After I dealt with that unattractive bathroom vanity, I got to thinking about this weird, built-in bench. It is Formica with plain metal legs. Like a cheap kitchen island got lost and ended up in our front hallway. Also a junk magnet, but to be fair, that’s not really the bench’s fault. Anything in our front hallway will end up with junk on it.

You see what I mean.
You see what I mean.

We love this apartment, but there are two problems with it. One is typical cheap rental fixtures. Two is lack of storage. This bench represents both problems: it’s both ugly and a waste of potential storage space.

I rummaged again in my collection of fabrics from seven posts, and decided on some 20 year old batik from Zambia. Because, as I’ve said before, nothing in my house goes together, so everything goes together, right?

4-IMG_0536

I had three meters of brown and purple batik fabric. I measured the bench, which is 22 inches tall. I added 2 inches for a top hem, and 4 for a bottom hem, then cut four 26-inch pieces, with just a scrap left over. I whipped those up into four 22-inch long “curtains.”

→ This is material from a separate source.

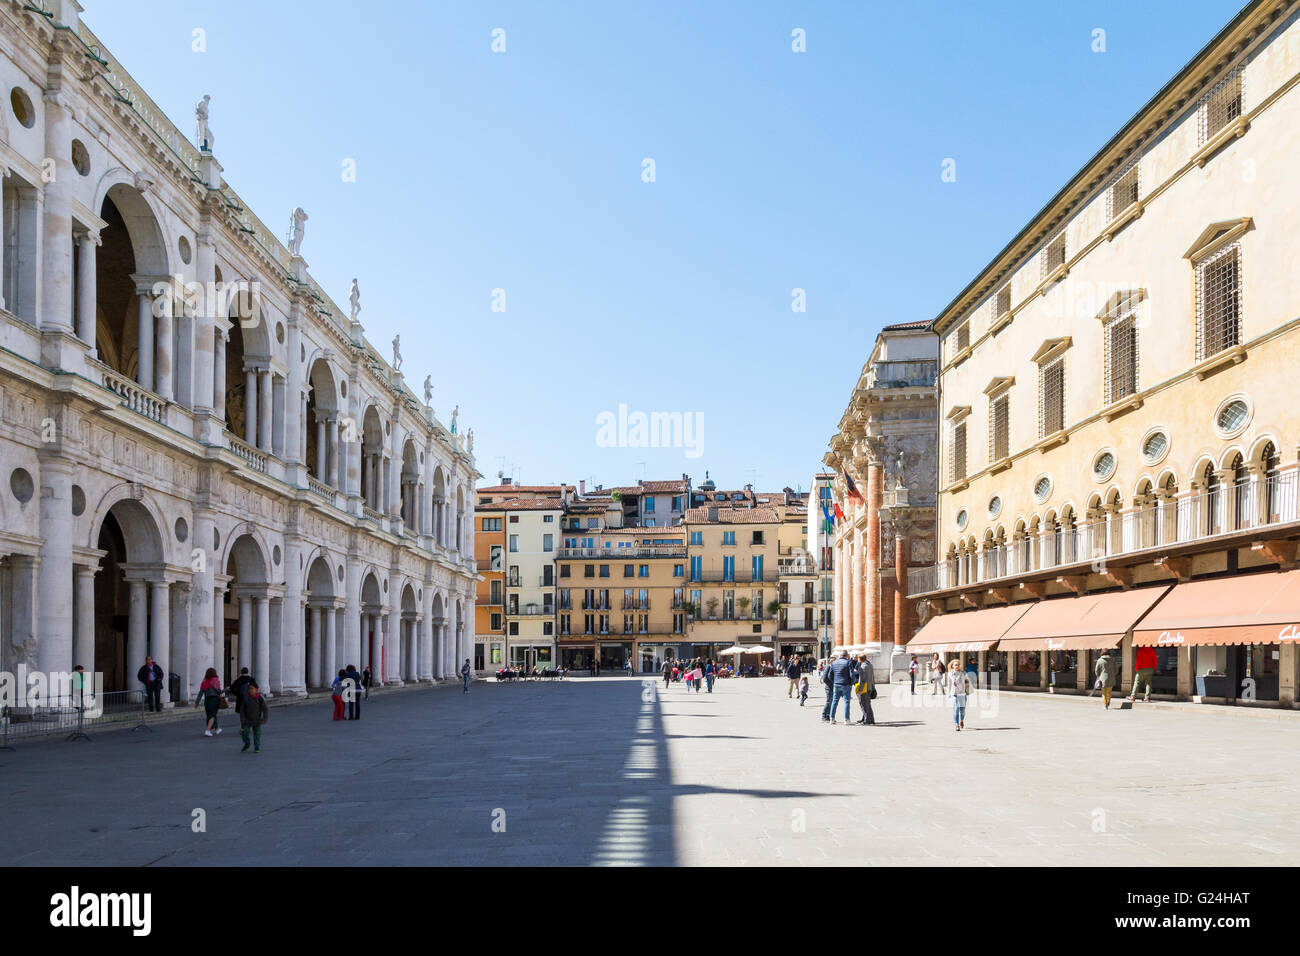 Vicenza,Italy-April 3,2015:people walk and admire  the famous town square  named Piazza dei Signor in Vicenza, Italy during a su Stock Photo

The fabric was 36 inches wide, and the bench was 118 inches long, so I ended up with a bit more length than I needed. This was good, because I could overlap the curtains by 8 inches and sew them into one long curtain.

Overlapping the curtains.
Overlapping the curtains.

I think the overlapping curtains look nicer, and they also make it so that  you don’t have to pull up the whole curtain to get underneath the bench.

All our winter boots are now hiding under the bench.
All our snow and hiking boots are now hiding under here.

I used the same technique that I used in the bathroom to attach the curtain to the bench. Iron-on Velcro on the curtain, and stick-on Velcro on the bench. Then I found some Polish baskets to “containerize” the junk.

That's better!
That’s better!

So, Zambian batik, Zimbabwean and Polish baskets, Guatemalan wooden animals, a Bolivian coca pouch, and a Turkish kilim with a disguised rental fixture. Just another Foreign Service decorating scheme!